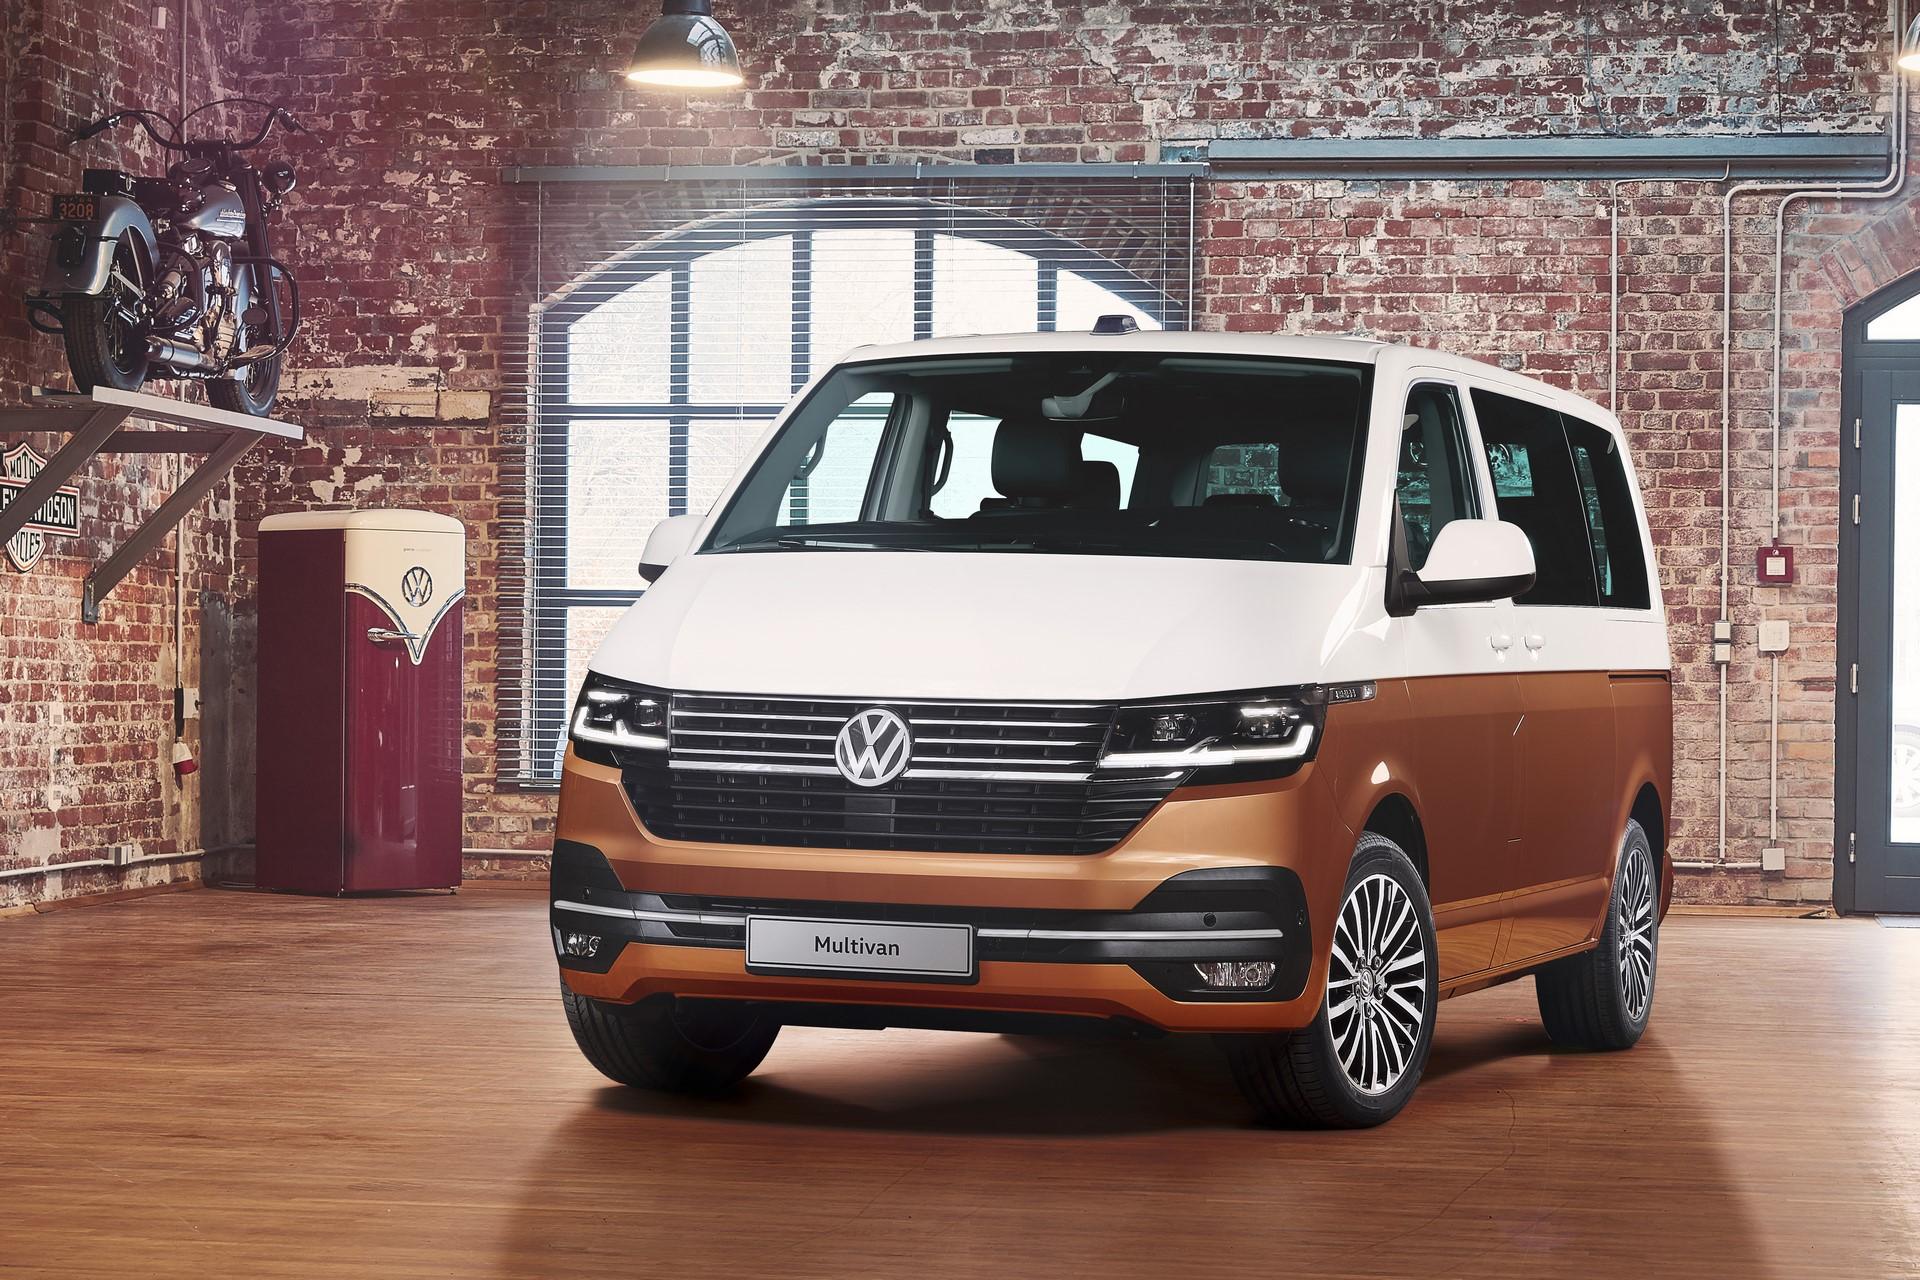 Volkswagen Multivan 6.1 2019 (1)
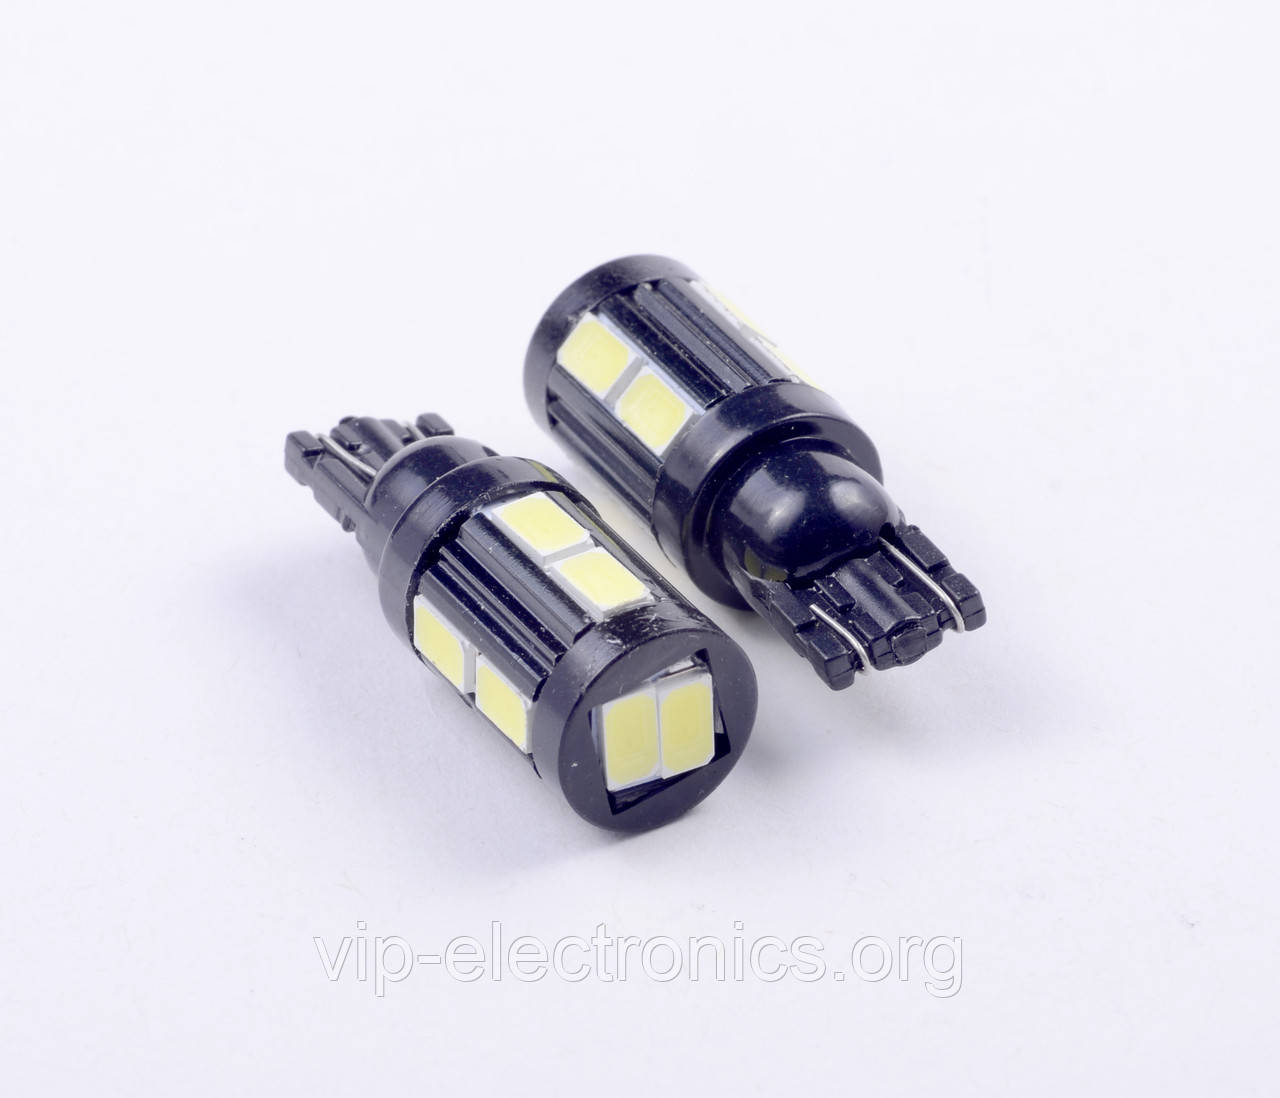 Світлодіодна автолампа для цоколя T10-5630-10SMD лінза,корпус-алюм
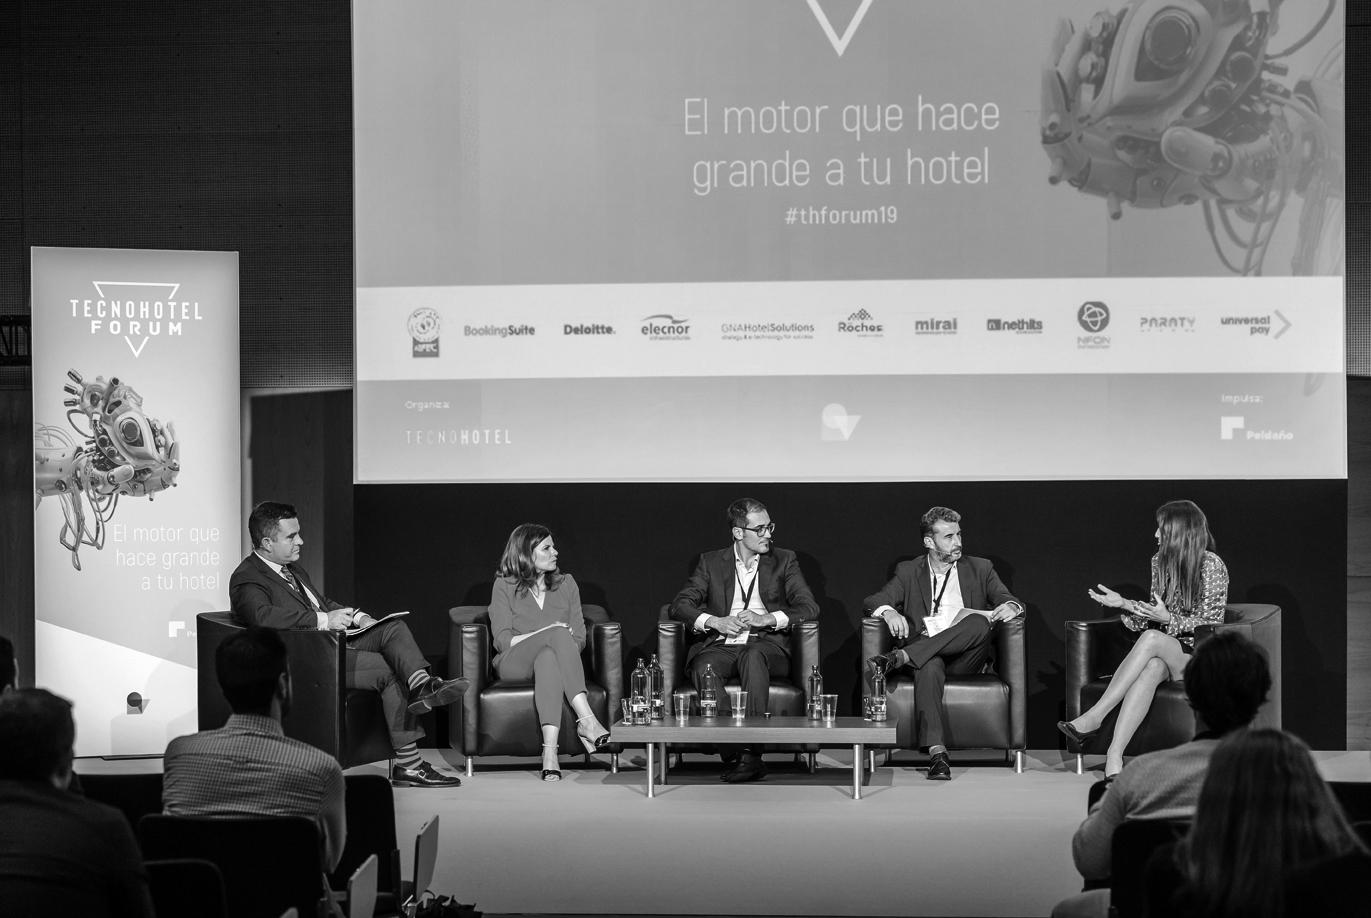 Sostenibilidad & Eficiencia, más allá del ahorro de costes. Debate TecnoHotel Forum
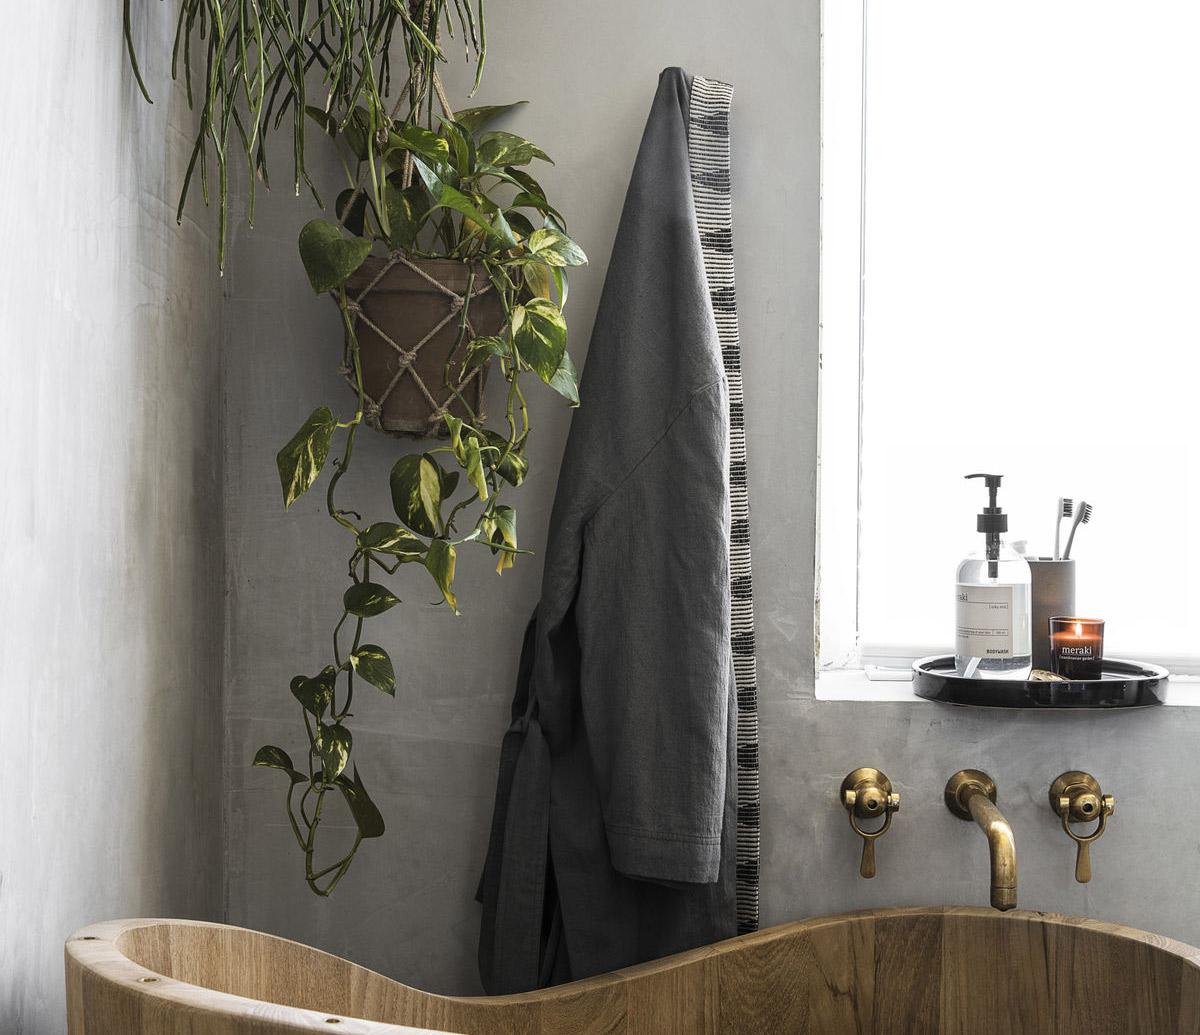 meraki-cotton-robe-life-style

→ **ASSIGNMENT**
Would you retype the listing above exactly, omitting its pictures?

→ **REPLY TO THE EXERCISE**
 Volkswagen Multivan 6.1 2019 (1)
 Світлодіодна автолампа для цоколя T10-5630-10SMD лінза,корпус-алюм
 Sostenibilidad & Eficiencia, más allá del ahorro de costes. Debate TecnoHotel Forum
 meraki-cotton-robe-life-style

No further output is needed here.